How will climate change affect where you live? This interactive tool shows you

[Illustration: FC]

BY Adele Peters1 minute read

Climate change is affecting the entire planet, but local impacts—floods, droughts, hurricanes, extreme heat, disease, or a combination of all of the above—differ from place to place. A new digital atlas from the U.N.’s Intergovernmental Panel on Climate Change lets you see what’s most likely to happen where you live.

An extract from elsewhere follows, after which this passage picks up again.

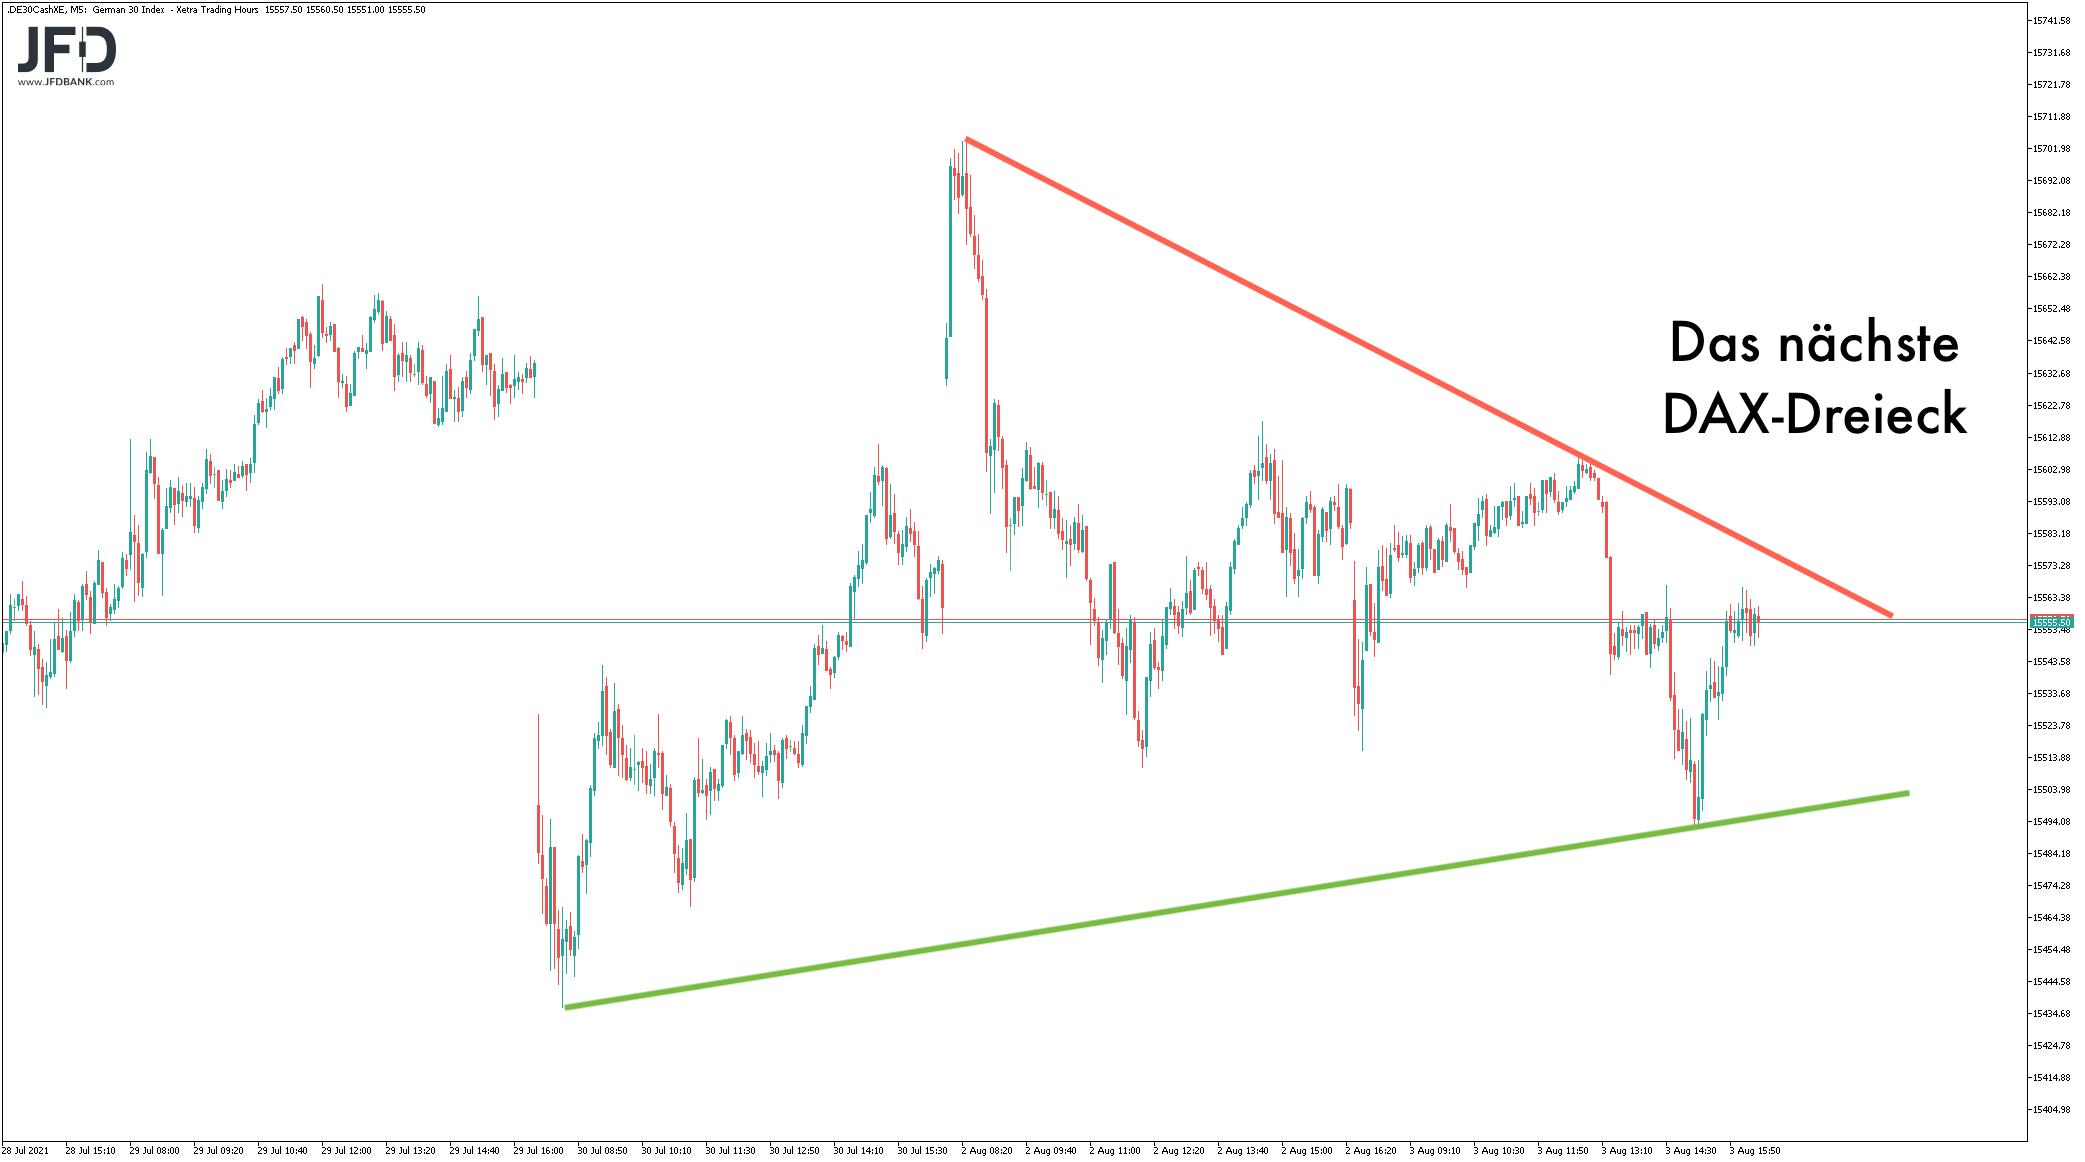 Dreieck im DAX-Handelsverlauf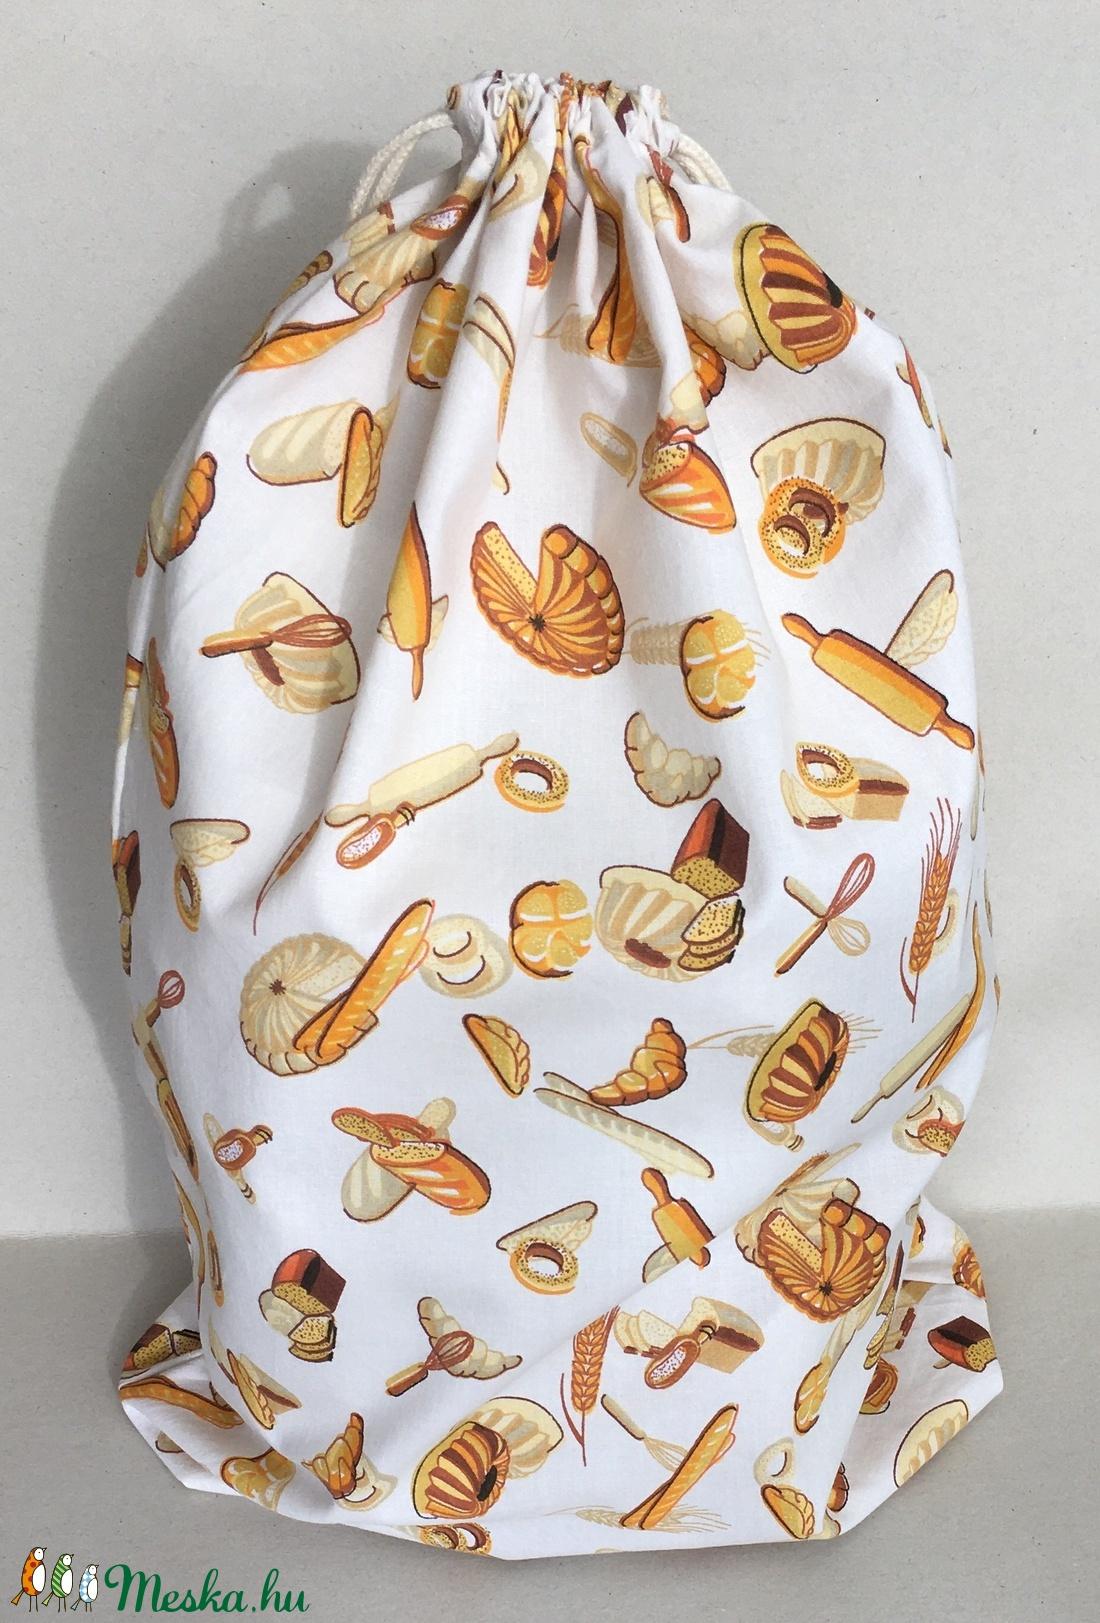 Péksütemény/1 kg-os kenyeres zsák - ekrű alapon pékáru mintás (marvika) - Meska.hu

The tool is part of a bleak new report prepared by hundreds of scientists that says that humans are “unequivocally” warming the planet, and that warming is already leading to severe impacts. “It’s indisputable that human activities are causing climate change,” Ko Barrett, vice chair of the Intergovernmental Panel on Climate Change, said in a press conference on Sunday. “Human influence is making extreme climate events, including heat waves, heavy rainfall, and droughts more frequent and severe. What’s new in this report is that we can now attribute many more changes at the global and regional level to human influence, and better project future changes from different amounts of emissions.”

[Screenshot: IPCC]
The atlas shows what’s likely to happen in different regions under different scenarios, depending on how quickly we cut emissions. In the U.S., if you live in the Northeast, you’re more likely to be exposed to extreme rainfall and flooding. If you live in the Midwest, you’ll see more extreme heat and drought, as well as more flooding. In the Western U.S., you’re more exposed to drought and wildfires. Some of this isalreadyhappening, obviously. But the planet has “only” warmed around 1 degree Celsius so far. The IPCC’s new report explains how much more severe the impacts will get at 1.5 degrees Celsius, or 2 degrees Celsius, or more, if emissions continue to soar.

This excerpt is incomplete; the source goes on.